Levy conclut qu'à Slippery Rock, «nous n'avons pas un environnement favorable à la liberté de l'enseignement». D'une manière plus générale, il indique que les quatorze campus constituant l'institution des hautes études de l'État de Pennsylvanie «subissent une érosion constante de la qualité et de la liberté de l'enseignement». Il ajouta, s'adressant à moi, qu'«un excellent travail est également fourni à Slippery Rock, mais cela non pas grâce mais en dépit du climat qui y règne, soit une culture d'entreprise malsaine dominée par le personnel administratif et les bureaucrates du syndicat de la faculté».
Les législateurs réagirent aux révélations de Levy avec consternation. Un démocrate exprima ses inquiétudes face à cette «dégradation de la qualité de l'enseignement». Un autre déclara que si ce que Levy décrivait était exact, «il vaudrait mieux fermer cette université».
Le site Web officiel de Slippery Rock proclame que «l'institution est moins fière de toutes les distinctions et marques de reconnaissance particulières qu'elle a put recevoir que de sa réputation d'université chaleureuse et amicale», mais Levy n'y a certes pas joui d'un accueil «chaleureux et amical» au retour de son témoignage. Le président et ses collègues lui jetèrent des regards glacés et l'exclurent socialement. Le journal des étudiants qualifia ses déclarations de «fulminations» et lui reprocha de laver «le linge sale» de son employeur en public.

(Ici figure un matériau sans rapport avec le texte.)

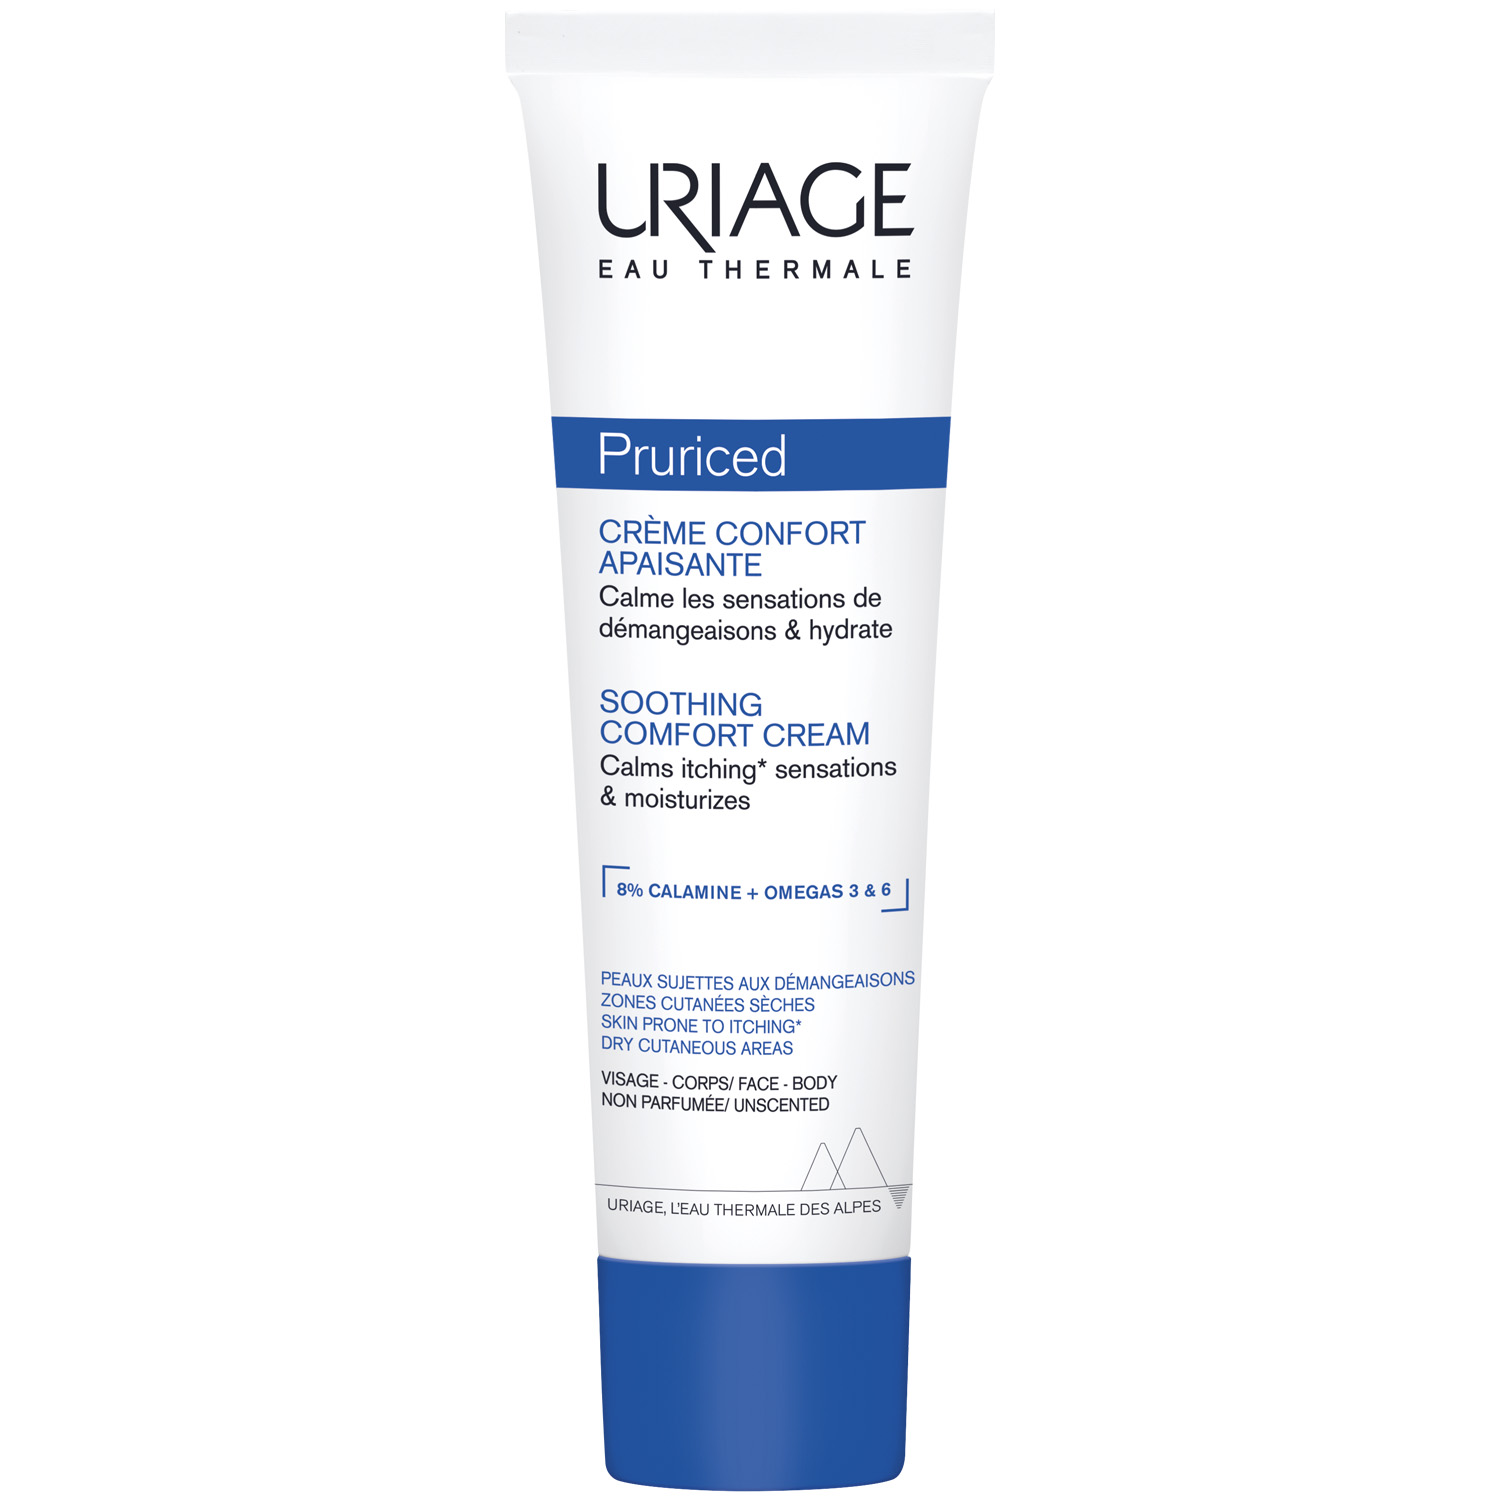 Uriage Успокаивающий крем Soothing Comfort Cream, 100 мл (Uriage, Pruriced)

Les administrateurs du campus émirent ensuite les dénégations prévisibles. Le président de Slippery Rock, Robert Smith, répondit: «Nous n'avons pas trouvé d'éléments de preuve suggérant que la liberté d'enseignement soit menacée sur ce campus, ni pour les étudiants, ni pour la faculté». La directrice des études de féminisme Jace Condravy réfuta les éléments présentés par Levy en ces termes: «Je veux voir des preuves avant de croire les accusations ou les prétentions de qui que ce soit.»
Il est probable que les choses ne changeront pas de sitôt à Slippery Rock car, comme l'explique Stephen Balch, de l'Association nationale des universitaires, «nos universités sont devenus moins des lieux d'échanges d'idées que des églises dans lesquelles il faut être un bon croyant pour obtenir sa place sur un banc». Gare à quiconque s'oppose à l'orthodoxie dominante, que ce soit à Slippery Rock ou à Harvard. Les dissidents, s'ils ne sont pas excommuniés, sont en tout cas victimes d'ostracisme.
Et malgré leur quasi prise de contrôle par la gauche illibérale, les universités américaines restent plus robustes que celles d'autres pays occidentaux, ce qui amoindrit encore la motivation à faire évoluer la situation.